Comparably warmer temperatures during the summer of 2002 and customer growth contributed approximately $53 million and $16 million, respectively, to the $48 million increase in the Delivery segment’s regulated electric sales, partially offset by other factors as discussed above inOverview of 2002Results—Consolidated.
Operating expenses were $559 million in 2002, as compared to $614 million in 2001. Operations and maintenance expense decreased approximately $48 million, reflecting a decrease in general and administrative salaries, materials and supplies and expenditures for contractors. Also, Delivery’s operating expenses can be impacted by severe weather. Hurricanes, major thunderstorms and ice storms can damage the Company’s distribution system. There was an approximate $6 million increase in service restoration costs recorded in other operations and maintenance expense due to ice storms in late 2002. Depreciation expense decreased by $2 million, reflecting the effect of changes in the estimated useful lives of distribution property, partially offset by the impact of new property additions. See Note 2 to the Consolidated Financial Statements. Other taxes decreased $9 million, as compared to 2001, primarily due to a reduction in average business and occupation tax rates and the impact of a favorable resolution of prior year sales and use tax issues.
2001 Results
Customer growth was the main contributor to the increase in the Delivery’s segment regulated electric sales. Also, seeOverview of Operating Revenue—Consolidatedand Overview of 2001 Results—Consolidated.

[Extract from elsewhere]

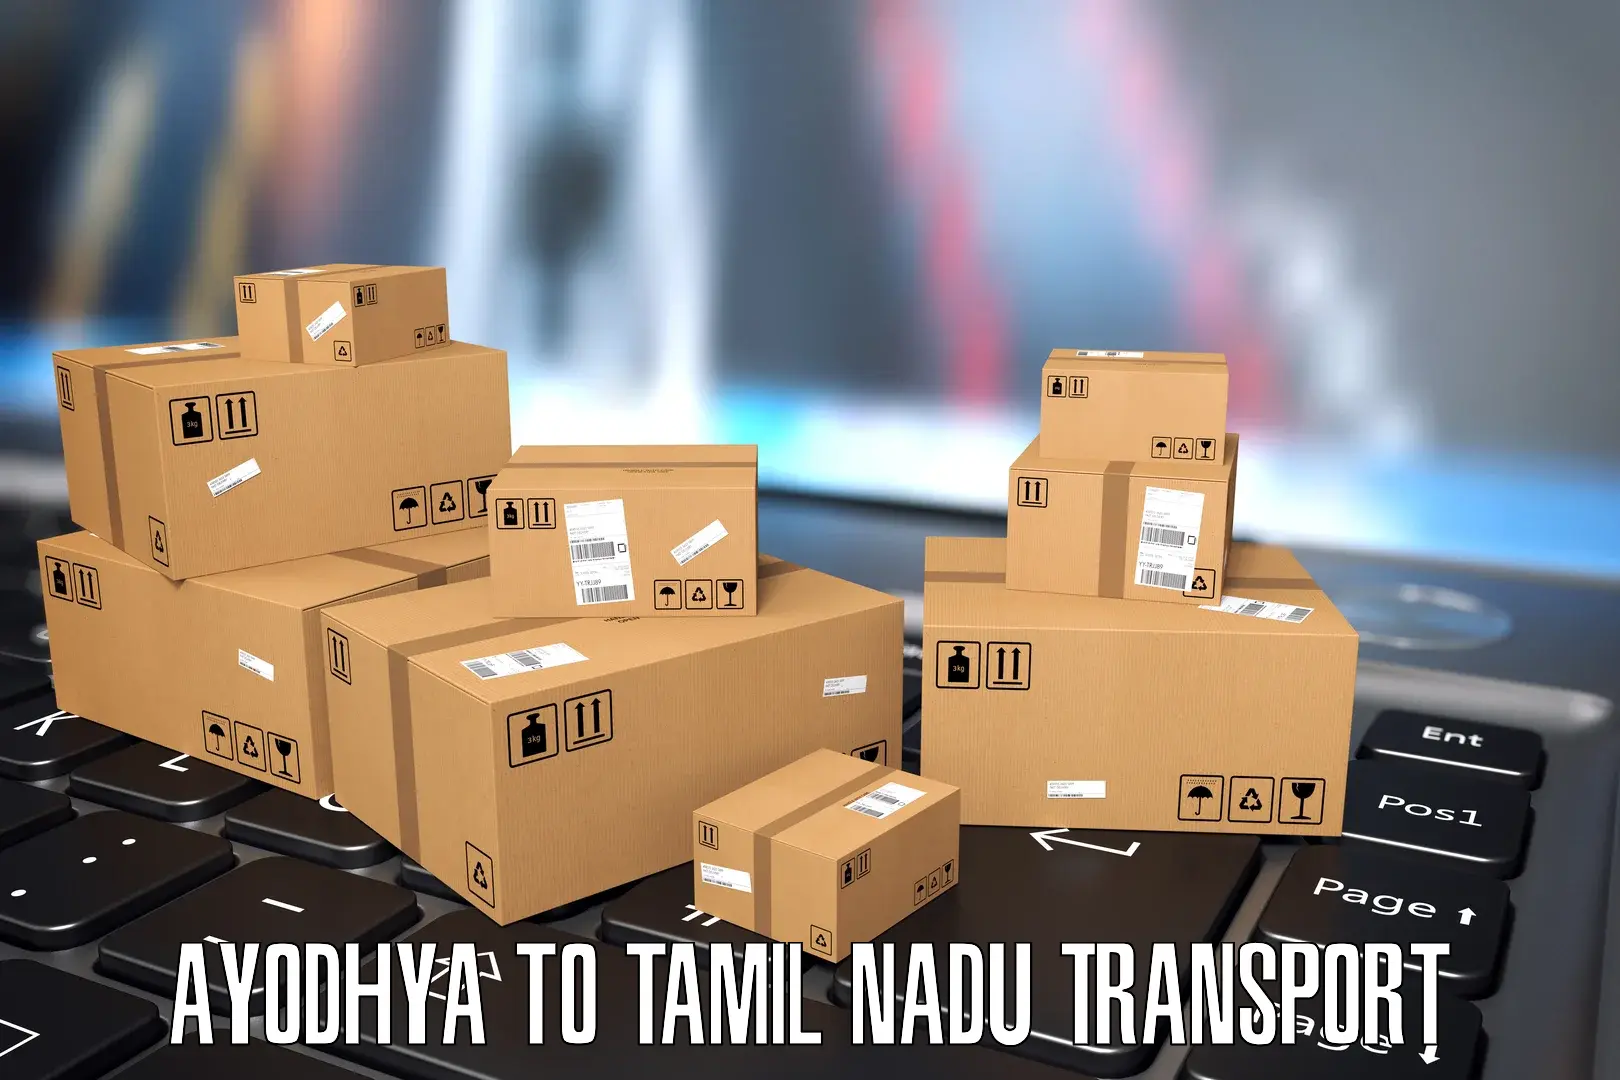 Nearby transport service Ayodhya to Tamil Nadu

Operating expenses were $614 million in 2001, as compared to $618 million in 2000. During 2001 and 2000, there were no unusual levels of storm restoration activities. Depreciation and amortization increased slightly as a result of routine property additions. Other operations and maintenance expenses included a moderate increase in provisions for uncollectible customer accounts. Other taxes decreased, reflecting a change in Virginia whereby the Company’s utility operations became subject to state income taxes in lieu of gross receipts taxes effective January 2001.